The source said Hadden called DeWine out of concern that if the governor appointed Randazzo, he would come to regret it. At the same time, however, Hadden performed legal and consulting work for AEP Ohio, another prominent Ohio utility, and was involved with AEP-funded dark-money groups that ended up giving hundreds of thousands of dollars to organizations involved with the scandal-ridden House Bill 6 and Larry Householder, the former Ohio House speaker now facing a federal corruption charge.

Tierney said while “J.B. Hadden is a person that the governor speaks with regularity,” DeWine doesn’t specifically remember Hadden’s call about Randazzo, which the source said lasted for less than a minute.

“But the governor can confirm he was aware of JB Hadden’s concerns regarding Mr. Randazzo,” Tierney said, adding that he wasn’t sure how the governor knew of those concerns or whether he knew of them before the Jan. 28 meeting.

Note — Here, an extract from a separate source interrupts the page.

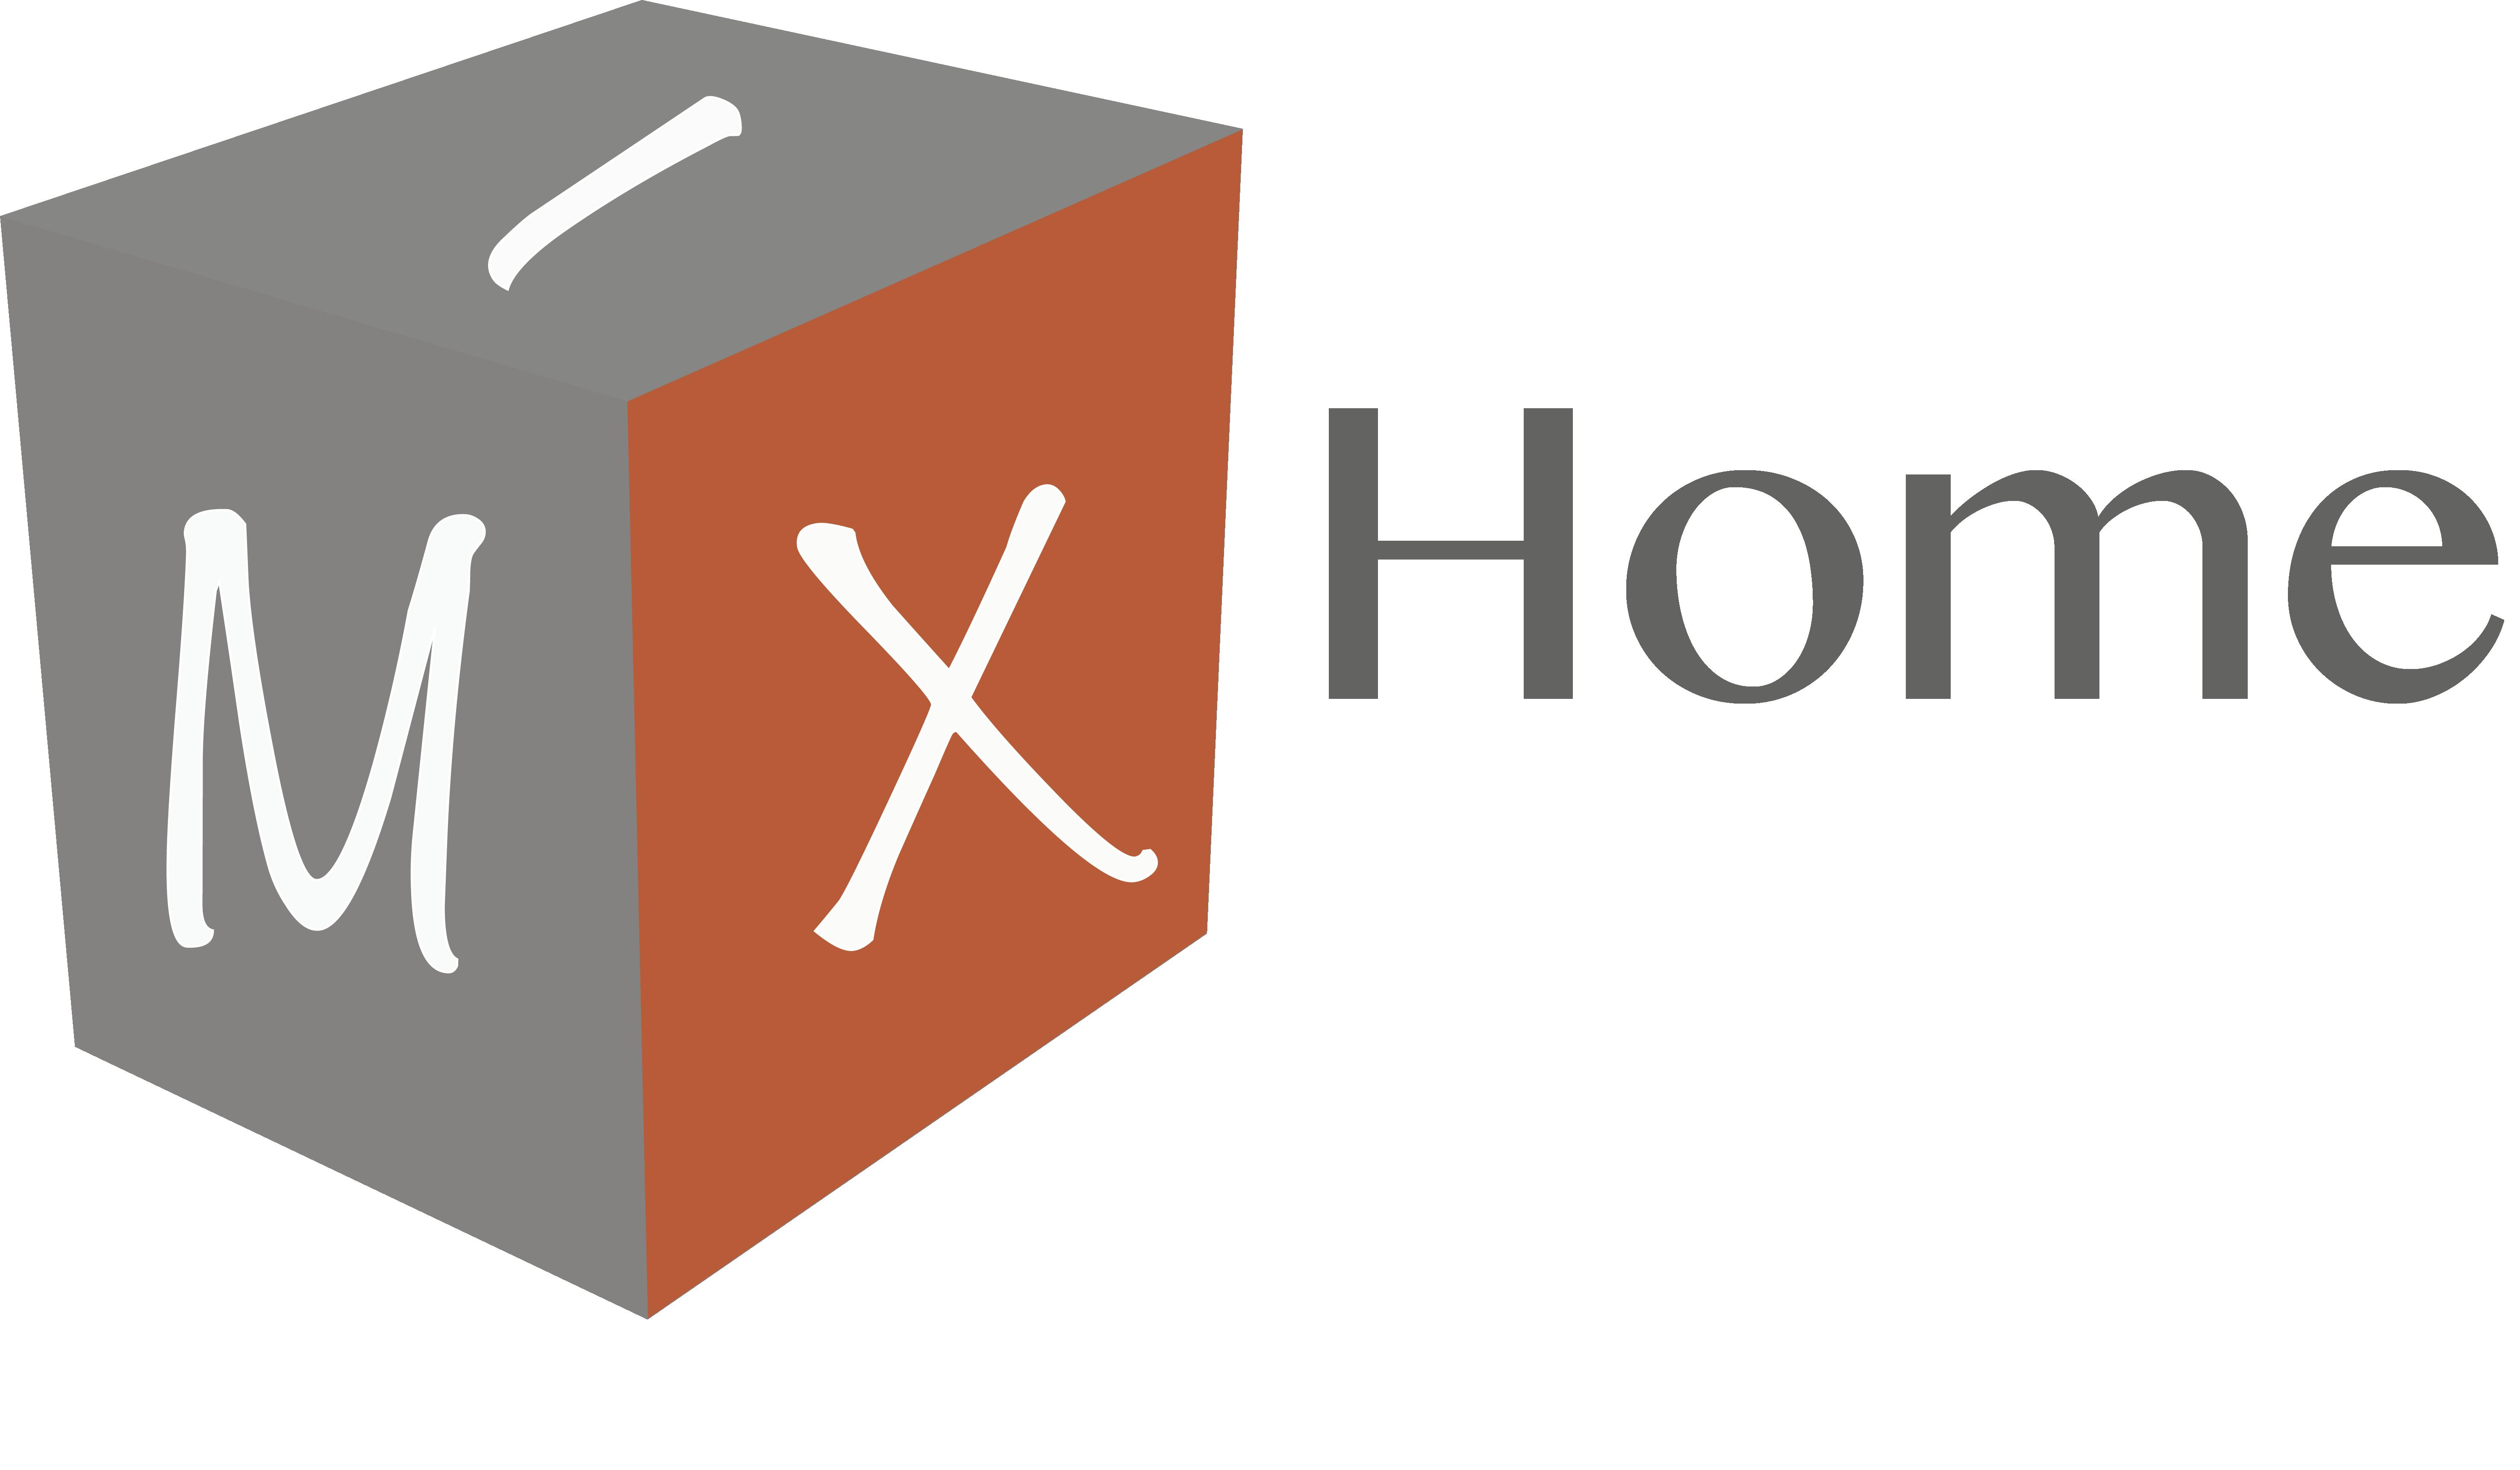 Логотип Mix Home

Hadden met with Dawson, then-director of cabinet affairs Ryan Burgess, DeWine’s chief legal counsel Matt Donahue, and the governor’s then-policy director Michael Hall in a “fairly impromptu” fashion, Tierney said.

Dawson is a former business partner of ex-FirstEnergy lobbyist Josh Rubin, and her husband has long done consulting work for the Akron-based utility.

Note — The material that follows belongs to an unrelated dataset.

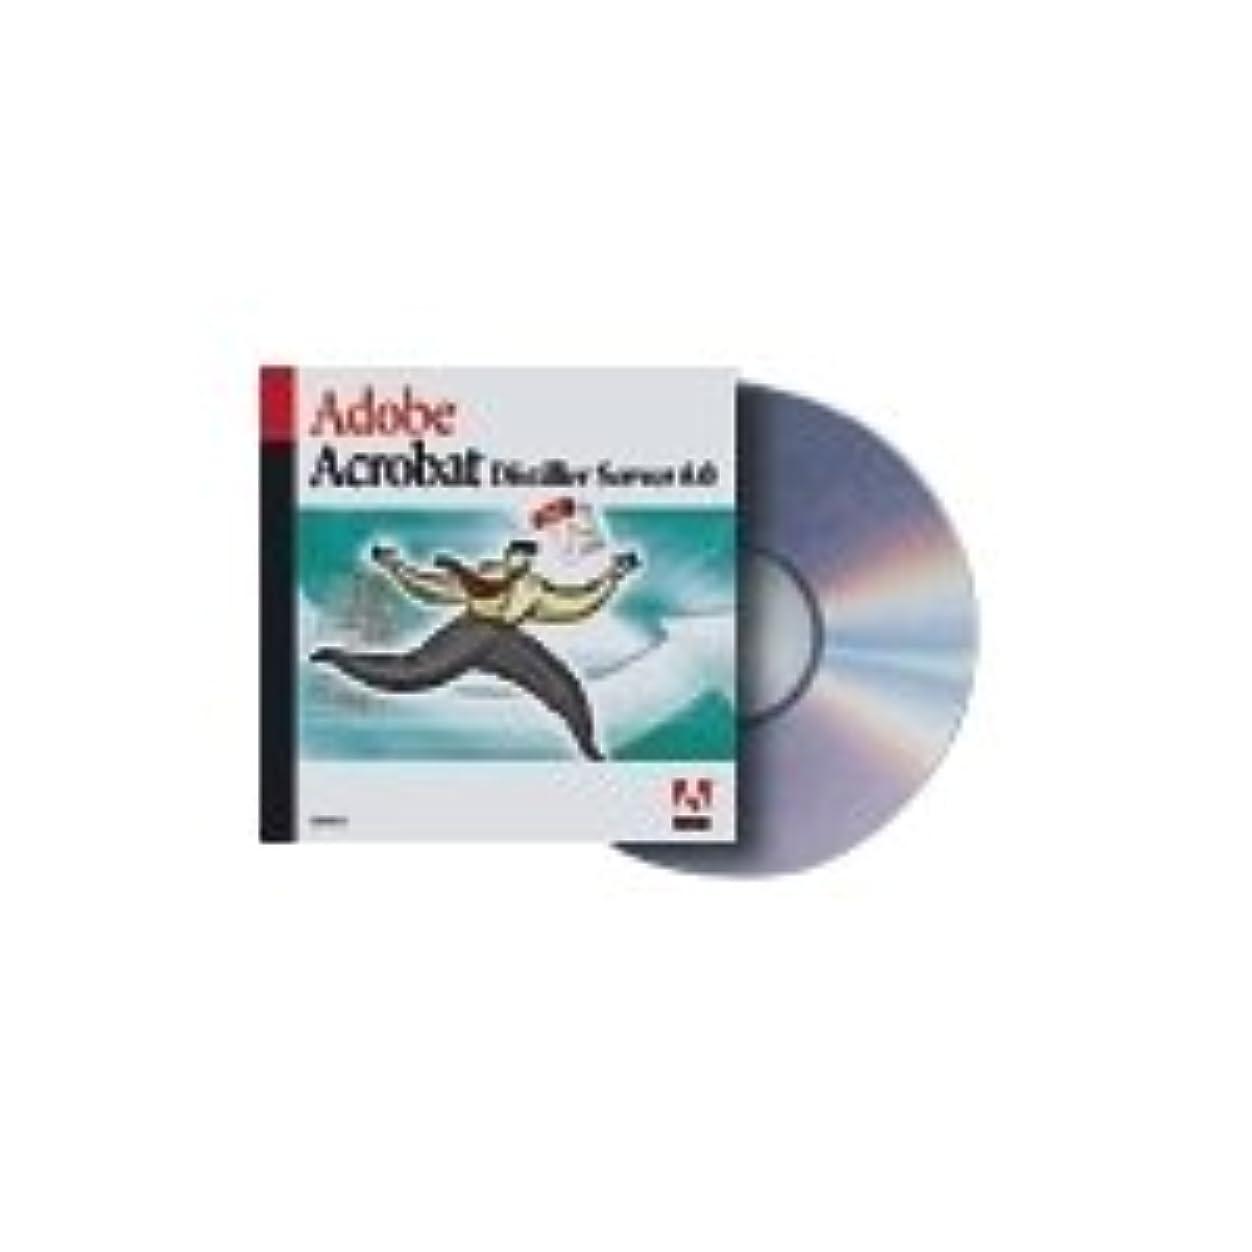 比較迅速サスティーンAdobe Acrobat Distiller Server 6.0 英語版 100ユーザ版 for Windows

Tierney said it was clear to DeWine administration officials that Hadden attended the meeting on behalf of his client, AEP Ohio. According to the source, Hadden acknowledged during the meeting the conflict brought by his AEP lobbying work, but he said he didn’t seek the meeting at the direction of AEP, according to the source. The meeting was first reported by the Ohio Capital Journal.

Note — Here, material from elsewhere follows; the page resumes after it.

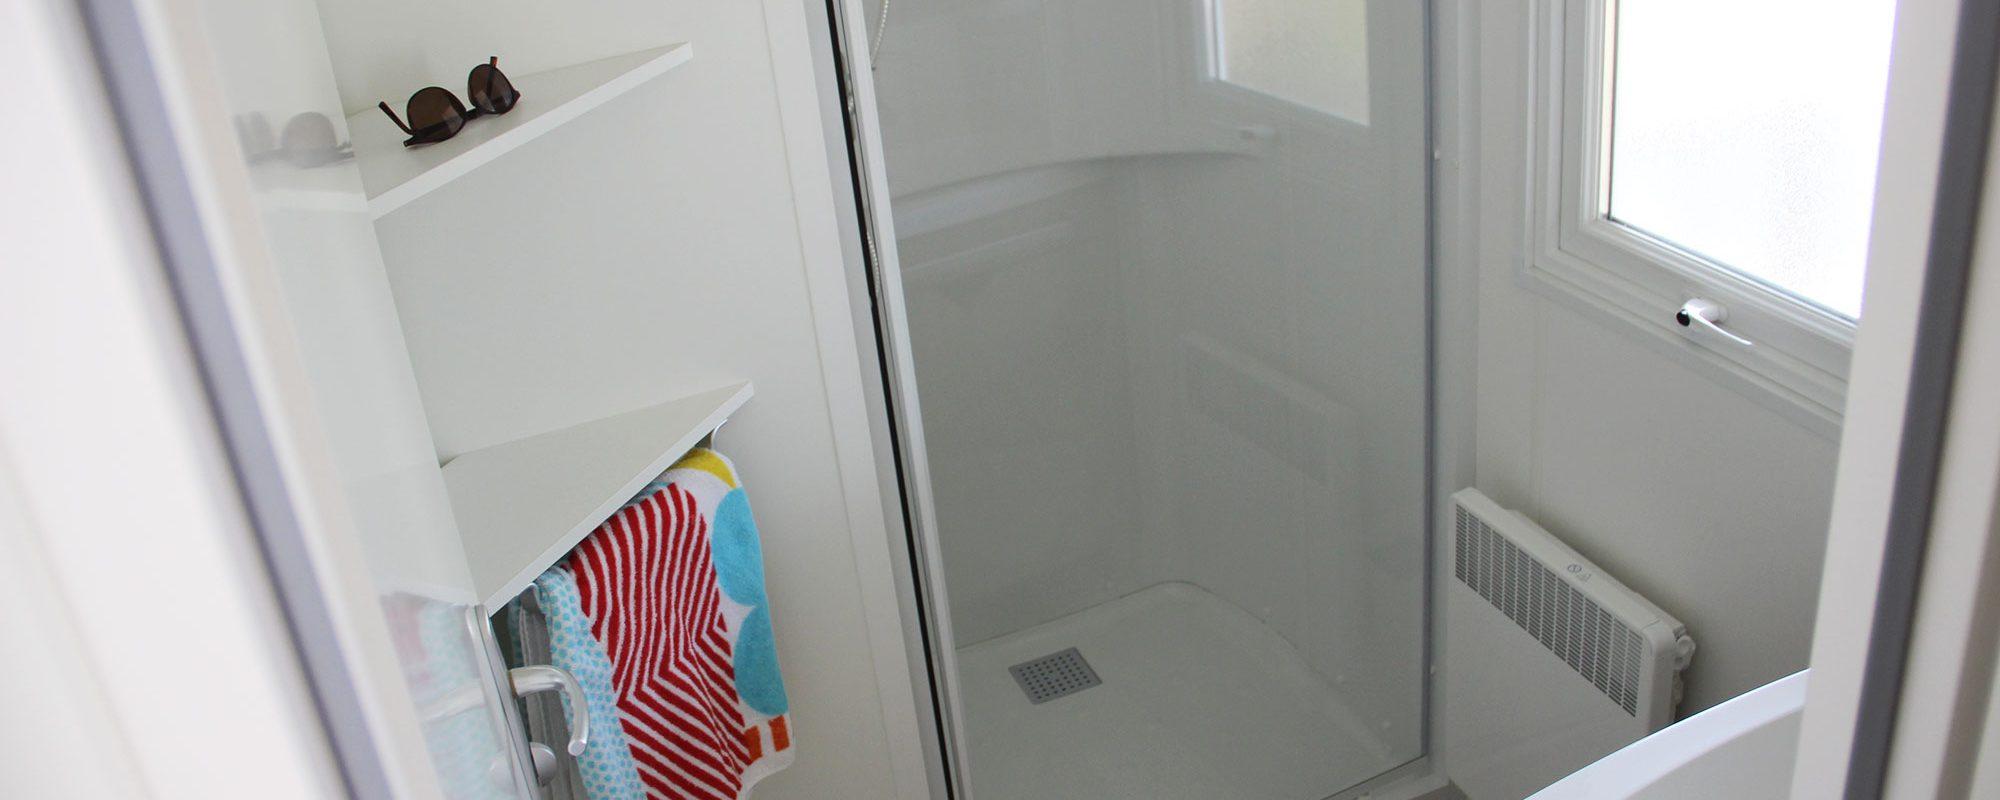 salle de bain du mobilhome cordelia en vente camping à proximité de Guérande

Hadden came to the meeting with a few pieces of paper, Tierney said, but he delivered two binders of documents after the meeting. The documents, which totaled 198 pages, claimed to show evidence of Randazzo’s “opaque, undisclosed financial ties” to FirstEnergy, the Akron-based utility.

Hadden wrote the two-page cover letter expressing concerns about Randazzo. The rest of the dossier included court cases, tax documents and other information collected by opponents of Randazzo, including environmental groups, according to the source.

Cleveland.com has reached out to Hadden for comment.

The dossier did not explicitly accuse Randazzo of receiving FirstEnergy bribes. However, it stated that Randazzo was “funneling money” from a FirstEnergy subsidiary called FirstEnergy Solutions through a “secret” company called the Sustainability Funding Alliance of Ohio to buy real estate. “At a minimum, Randazzo should be asked to explain these odd financial transactions and to disclose the full extent of his relationship with SFAO and FirstEnergy,” the dossier stated.

Tierney said administration officials reviewed Hadden’s dossier but found it to be “extremely underwhelming,” as it wasn’t clear who wrote it and contained information “that was largely known” already.

Tierney also noted that whenever the governor has to fill an opening on the PUCO, “there are some people who come out and they oppose people in the energy industry being on the PUCO, period.”

DeWine eventually appointed Randazzo PUCO chair on Feb. 4, 2019.

In November 2020, Randazzo resigned from the PUCO after FBI agents raided his Columbus home. FirstEnergy later revealed that it paid more than $4 million to an entity later revealed to be owned by Randazzo.

Randazzo has said that he only had a consulting agreement with FirstEnergy. Though he hasn’t been charged with any criminal charges, he is one of the numerous defendants in a civil lawsuit filed by Ohio Attorney General Dave Yost.

DeWine’s administration has said the governor didn’t know about FirstEnergy’s payments to Randazzo until the FBI raid. However, Randazzo told Dawson about the $4.3 million payment in October 2020 after two FirstEnergy executives were fired. A later filing revealed their firings were tied to the payment to Randazzo, which was hidden from company auditors and others within the company.

“My understanding was that (Randazzo’s) relationship (with FirstEnergy) was done,” DeWine said in late 2021. “What we were told by him was that he was coming out of retirement.”